Camilla Gibb skillfully captures the disorienting and liberating state of limbo that defines Lilly's motivations and her personality. She fights fiercely to adapt to life in Ethiopia, to force the Hararis to see past the color of her skin and accept her as a devout Muslim and an African woman. In London, she is all sharp angles and awkward speech as she resists acclimating to Europe's cold efficiency and secular values. Like many expatriates who melt into life in a "foreign" country, she is more African, more Muslim, more Ethiopian than those whose blood is rich with the multitude of ethnicities that swirl in that vast continent.

There is a frustrating distance to Lilly as she relates her story. Her narrative shifts back and forth between the present- Thatcher's London- to 1970's Ethiopia. You never feel as if you really get to the heart of her- she holds the reader at a careful reach, as she struggles to maintain a strong and detached façade.

In reality, Lilly is depressed and lost. She waits years for word of the man with whom she fell in love in Harar, her heart closed to the real possibilities of companionship in front of her. She watches with disappointment and disdain as her best friend Amina, a fellow Ethiopian refugee, adapts to and embraces Western ways.  Amina raises her children as multicultural citizens, allowing them to stray from Islamic traditions.
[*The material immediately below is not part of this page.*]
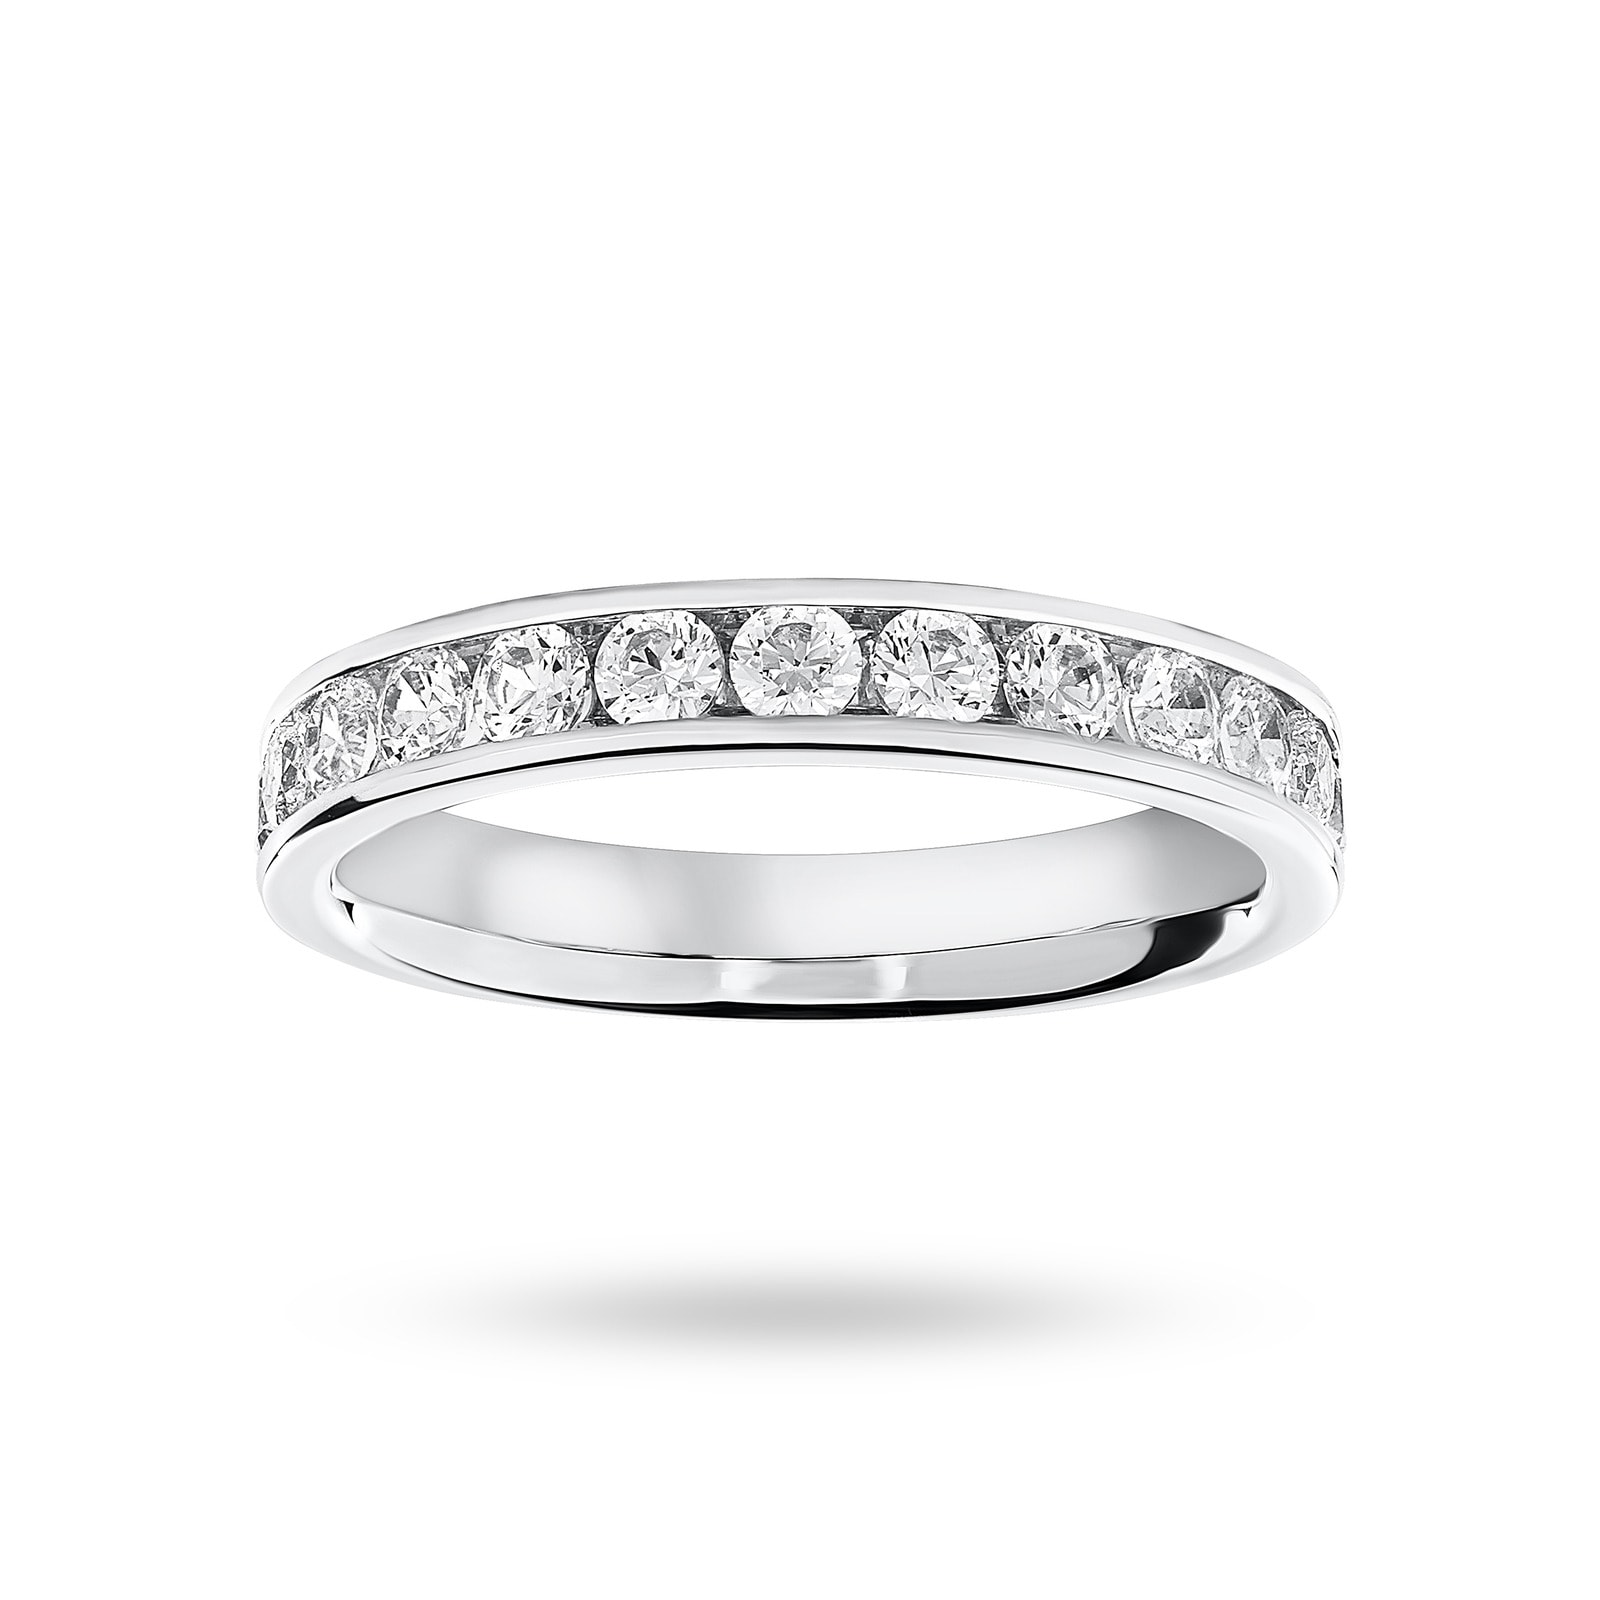 Platinum 0.75 Carat Brilliant Cut Half Eternity Ring - Ring Size L

Lilly's detachment troubled me, for it seemed that the limits of Lilly's development and character were more a function of Ms. Gibb's voice and style and plot choices. There was so much that didn't make sense in the story of Lilly's life- like why no one questioned the presence of a little white girl wandering alone through Tangier's medinas or searched for her after her parents' deaths? There were shadowy characters whose presence trailed away without explanation or purpose. I never really understood why Lilly remained in Harar, living in poverty with a family to whom she had no apparent connection. She had no formal education, so how did she become a nurse? As devout a Muslim as she appeared to be, as African as she became, she seemed to slide into the role of single, independent, modern white woman once in London, even though she had zero experience with that life. As vivid a picture of Lilly's adolescence in Harar and young adulthood in London as Ms. Gibb created, these were significant details that went begging.

It seemed clear that Lilly's status as a Farenji would prevent her from having the life in Ethiopia she so desperately craved. She would likely be denied marriage to the man she loved and she had no future as a single woman, completely dependent on her adopted family and the shaky foundation of her Qu'ranic tutorials. But these concerns went unaddressed as Lilly is forced to flee to Europe before her adult future takes shape.
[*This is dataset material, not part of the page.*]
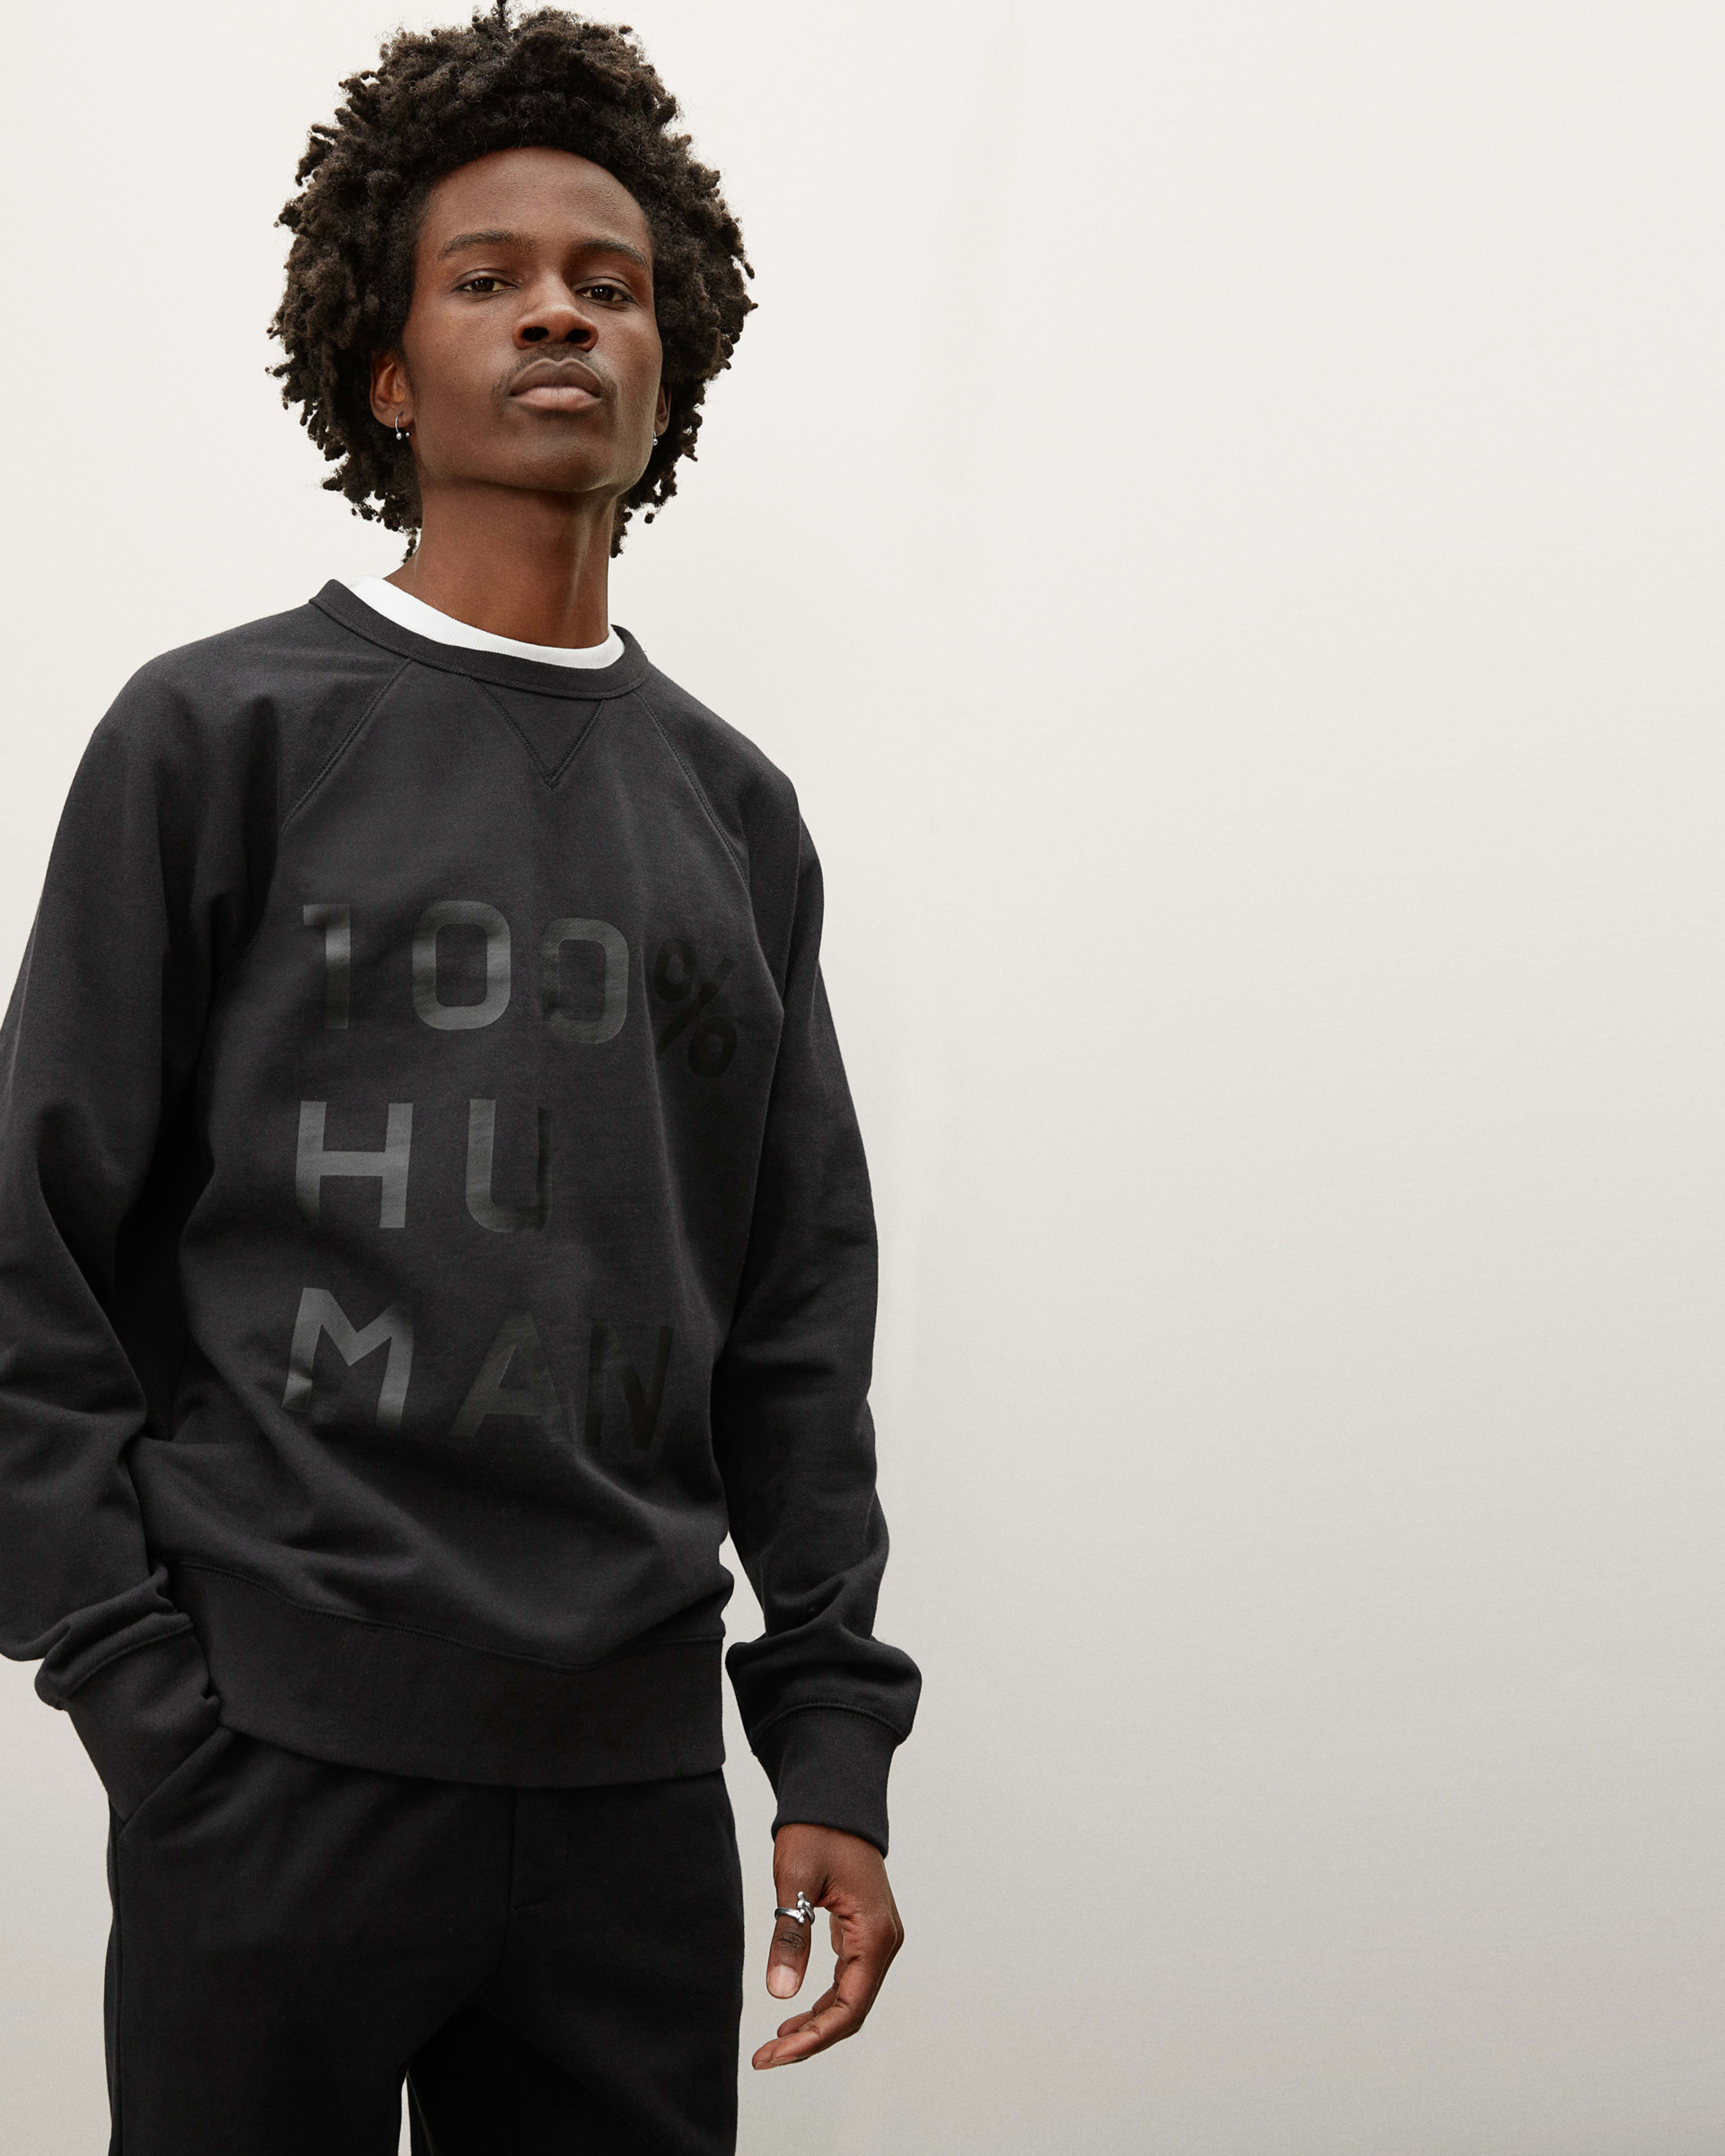 The 100% Human Typography Sweatshirt Black – Everlane

As a teacher of the Qu'ran, Lilly was a conduit to rote memorization. She led the children as they recited their holy book, chapter by chapter. She offered no interpretation, only a guide when a pupil stumbled over a verse. Lilly embraces Islam in the same literal way- her faith provides a set of rules for behavior, a large measure of comfort and cultural identity, but I couldn't get a sense of Lilly's core beliefs.

And perhaps that is the point- Lilly is a soul adrift between two cultures, belonging to neither but being of both. Her voice is detached because she has yet to alight solidly in her own life. Ms. Gibb paints this story in shades of gray and brown, the colors of loneliness and poverty. Lilly is released, finally, at the end and a warmth infuses the final pages, giving a sense of hope and future.